◆ Action item
Work through the listing below and give again exactly the lines from the one with "kleurrijk blauw nachtkastje" to the one with "Walking around the 1904 Steam Yacht Medea", both ends included. All other lines and all pictures stay out.

◆ Task material
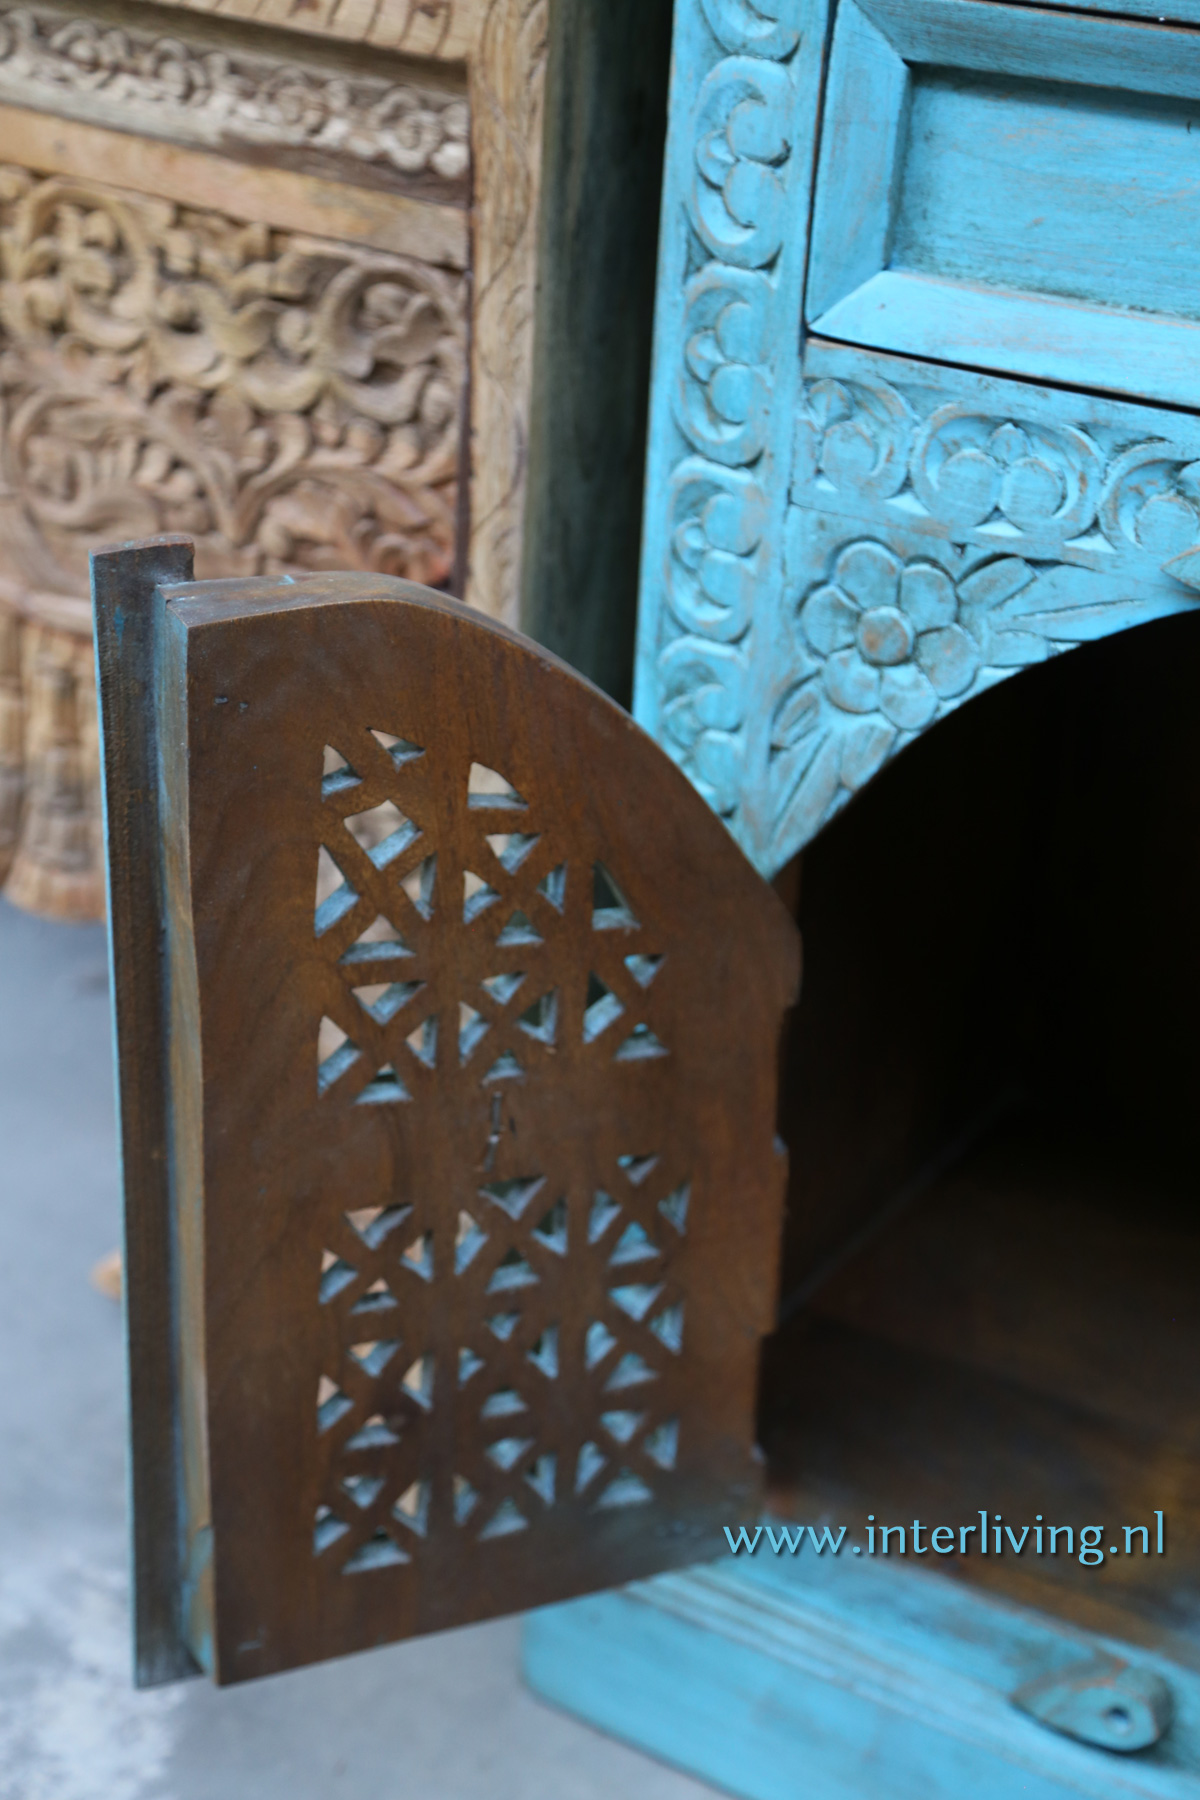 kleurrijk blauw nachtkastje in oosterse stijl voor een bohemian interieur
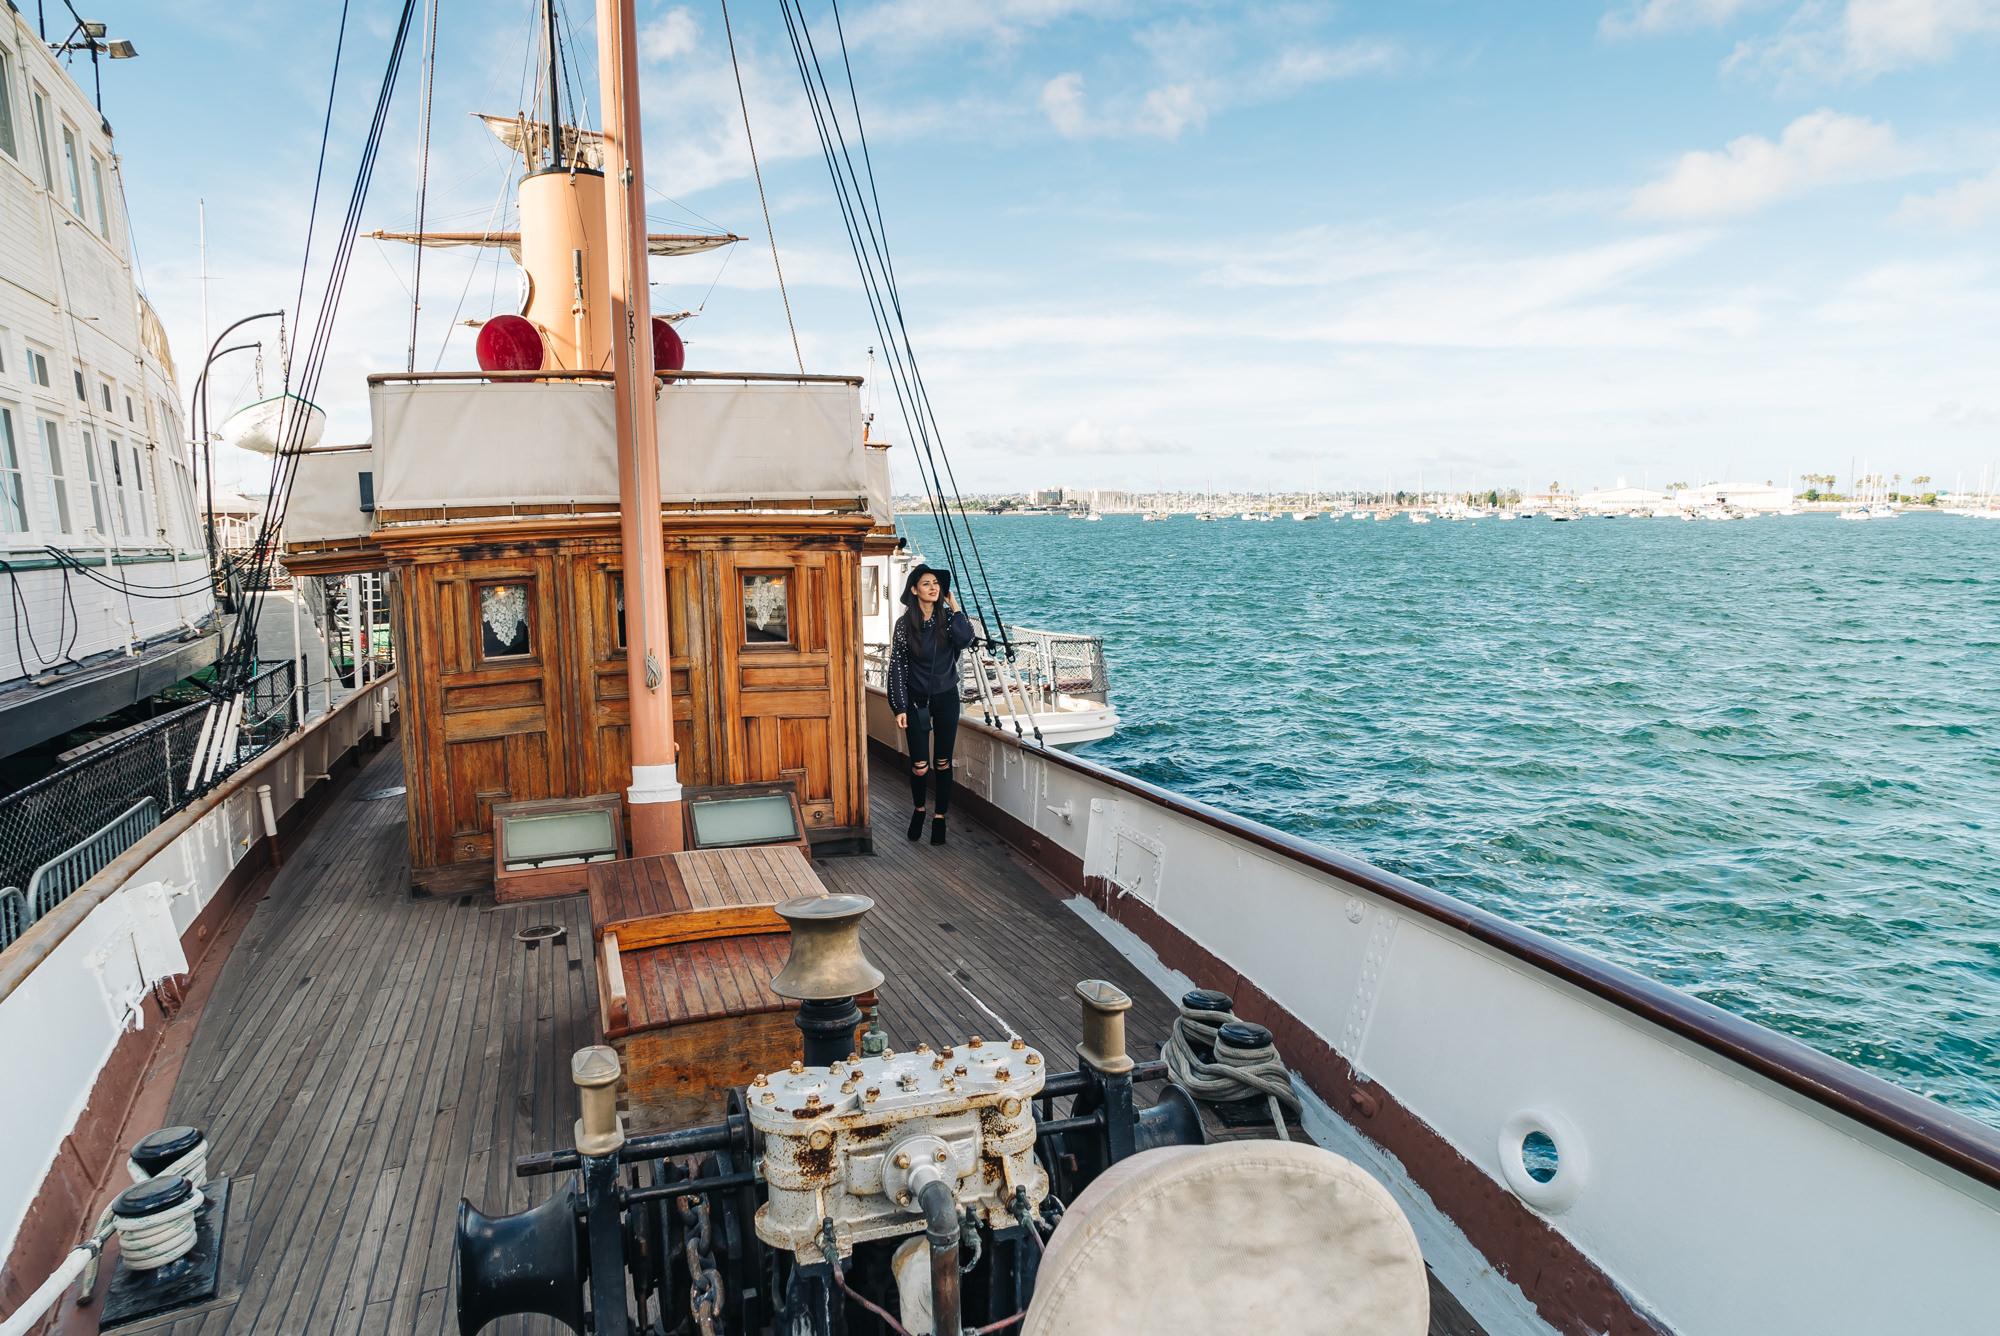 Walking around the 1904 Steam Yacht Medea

==

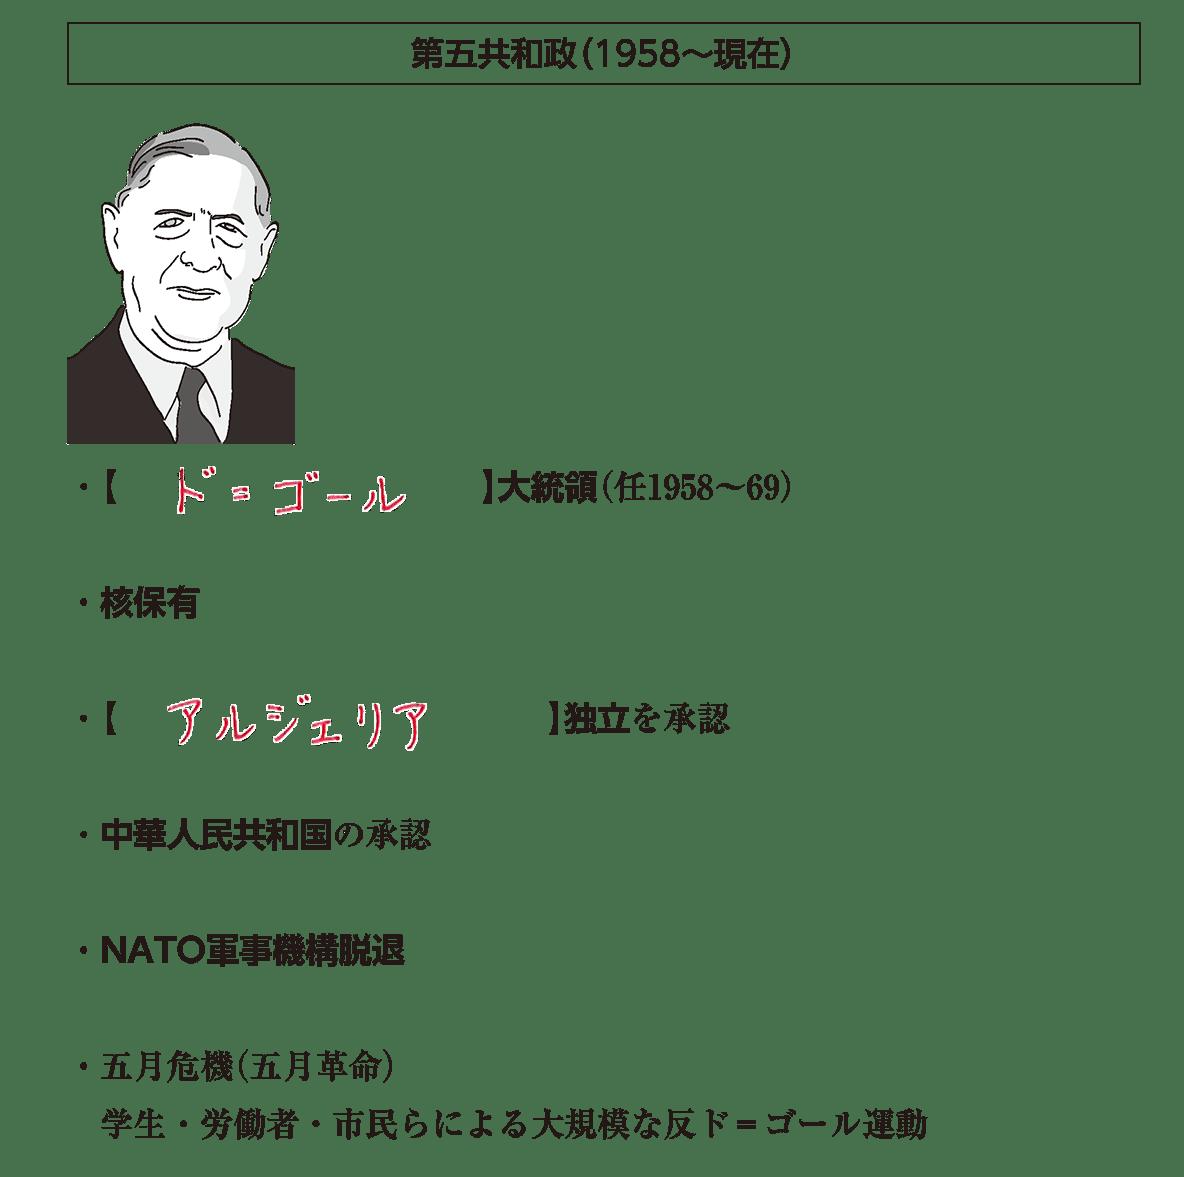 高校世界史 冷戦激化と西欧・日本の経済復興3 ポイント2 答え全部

---

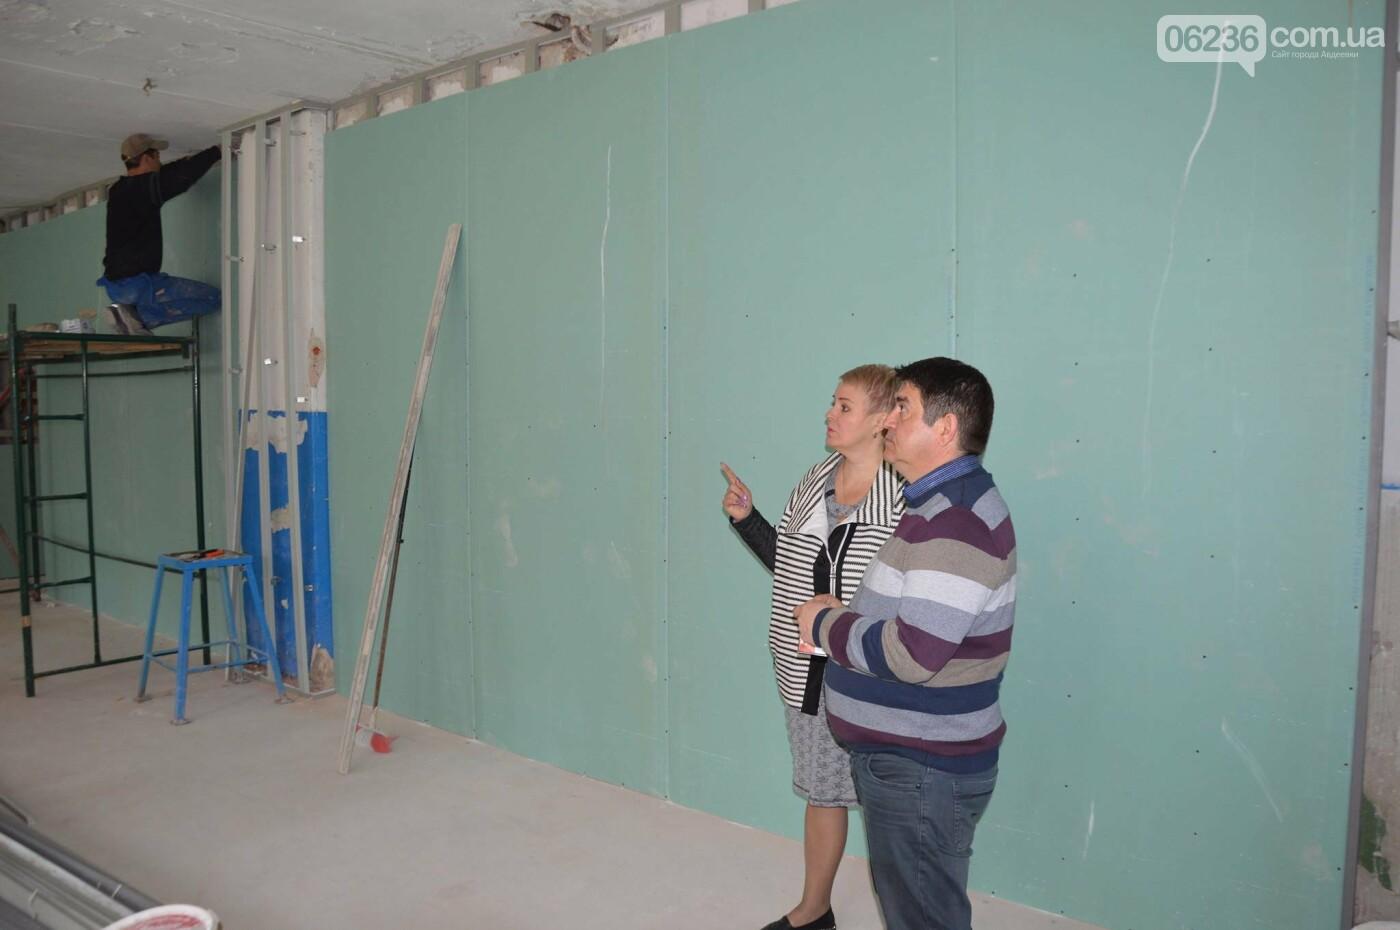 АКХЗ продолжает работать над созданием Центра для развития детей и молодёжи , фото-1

◆ Expected answer
 kleurrijk blauw nachtkastje in oosterse stijl voor een bohemian interieur
 Walking around the 1904 Steam Yacht Medea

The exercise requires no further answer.